Control of multi-particle systems, mean-field limits, and applications to deep learning

(Steuerung von Mehrteilchensystemen, Mean-Field Limits und Anwendungen für Deep Learning)

Project Nº: 530756074
Affiliated Entities: Friedrich-Alexander-Universität Erlangen-Nürnberg (FAU, Germany), Catholic University of Korea (CUK, South Korea)
Supported by DFG (Deutsche Forschungsgemeinschaft/ German Research Foundation) and NRF. Südkorea-NRF-DFG-2023 programme
Duration: 2023 – 2024

More than ever before, our society relies on the correct interaction of a large number of individual elements. These could be internet servers, providers and users in an energy grid, or even ‘artificial neurons’ used in deep learning. Such groups of interacting individuals can have a very complex collective behaviour. It is thus difficult to predict and control them. Moreover, classical analysis techniques will soon be unable to handle the increasingly large size of interacting communities encountered in applications. This collaborative research program seeks to deliver fresh ideas to study large interacting communities, including neural networks from deep learning. Our approach will combine the expertise in collective behaviour of Prof. Ko’s group at the Catholic University of Korea (CUK) with recent advances in control theory and machine learning by Prof. Zuazua’s team at FAU Erlangen-Nürnberg. On the one hand, tools created at FAU have enormous potential to disentangle complex collective behaviour studied at CUK. On the other hand, techniques to analyze collective behaviour developed by the CUK team can help explain why deep neural networks work well. This is a fundamental open question in machine learning. We will explore these synergies through a workshop and accelerate knowledge exchange through mutual research visits.

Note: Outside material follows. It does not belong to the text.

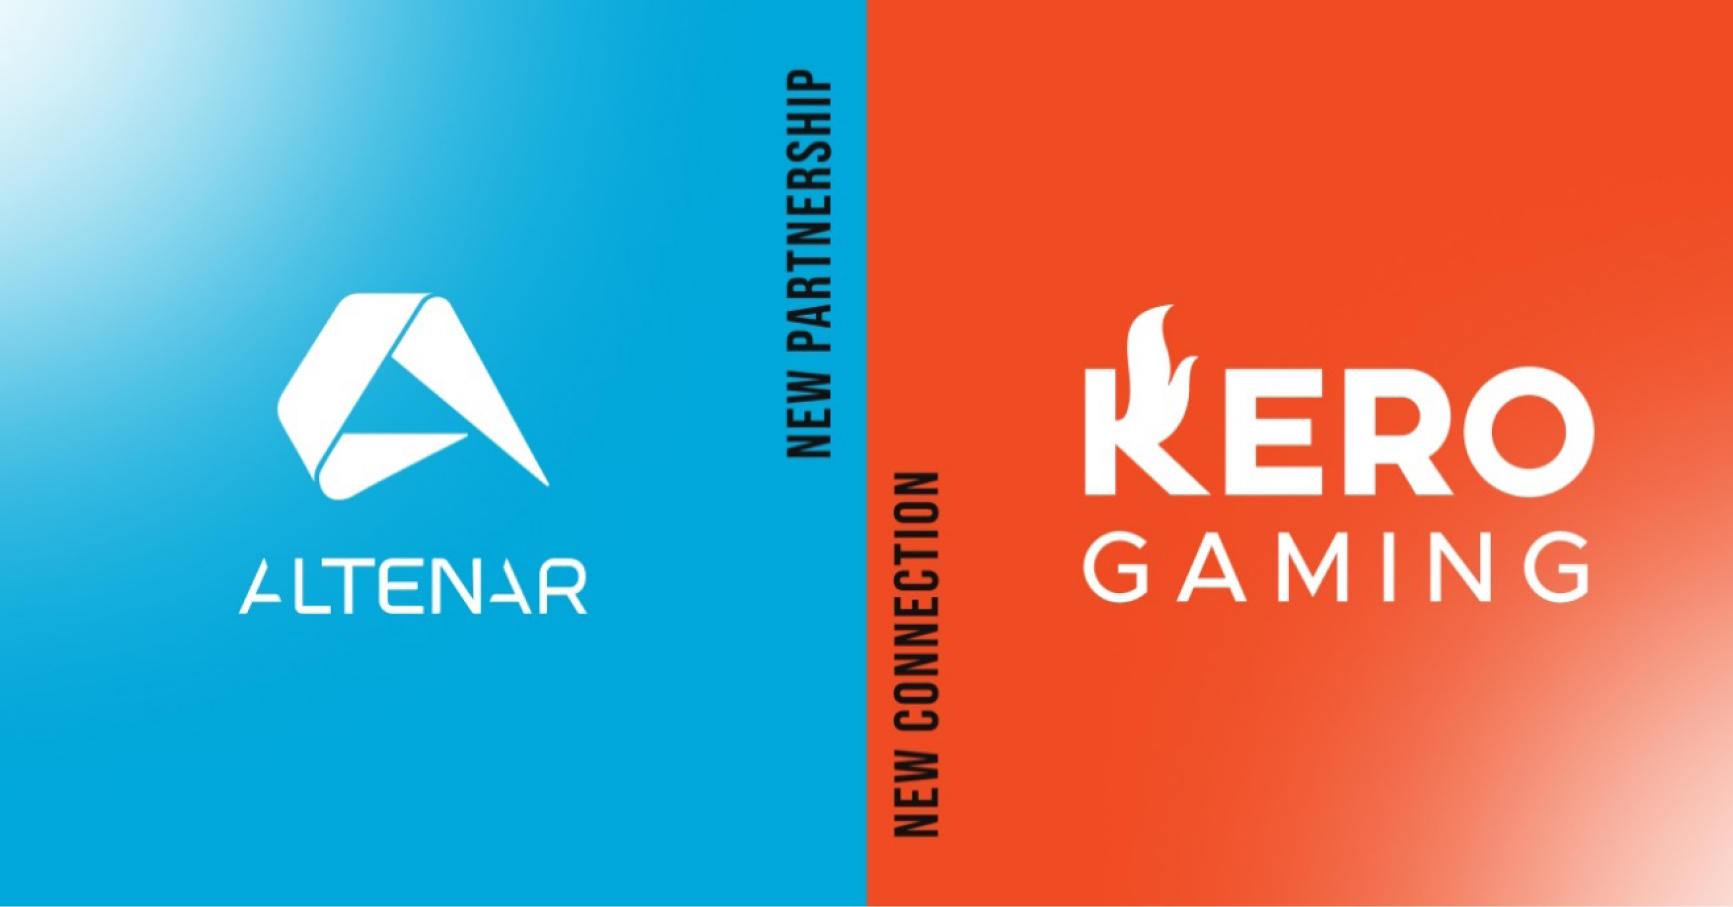 Altenar announces Kero Gaming partnership to bolster micro-betting offering

The proposed international collaboration program will explore an interdisciplinary approach to the analysis of large multi-particle systems, which relies on the cross-fertilization between the PIs’ fields of expertise: control theory and machine learning (Prof. Zuazua) and collective dynamics (Prof. Ko). Indeed,
recent advances in control theory and the ability of machine learning to tackle extremely complex problems provide powerful tools to shed light on large-scale multi-particle systems. On the other hand, classical techniques to study collective dynamics, such as so-called mean-field limits, can potentially be leveraged to explain the behaviour of machine learning frameworks such as very deep neural network—a pressing problem in artificial intelligence.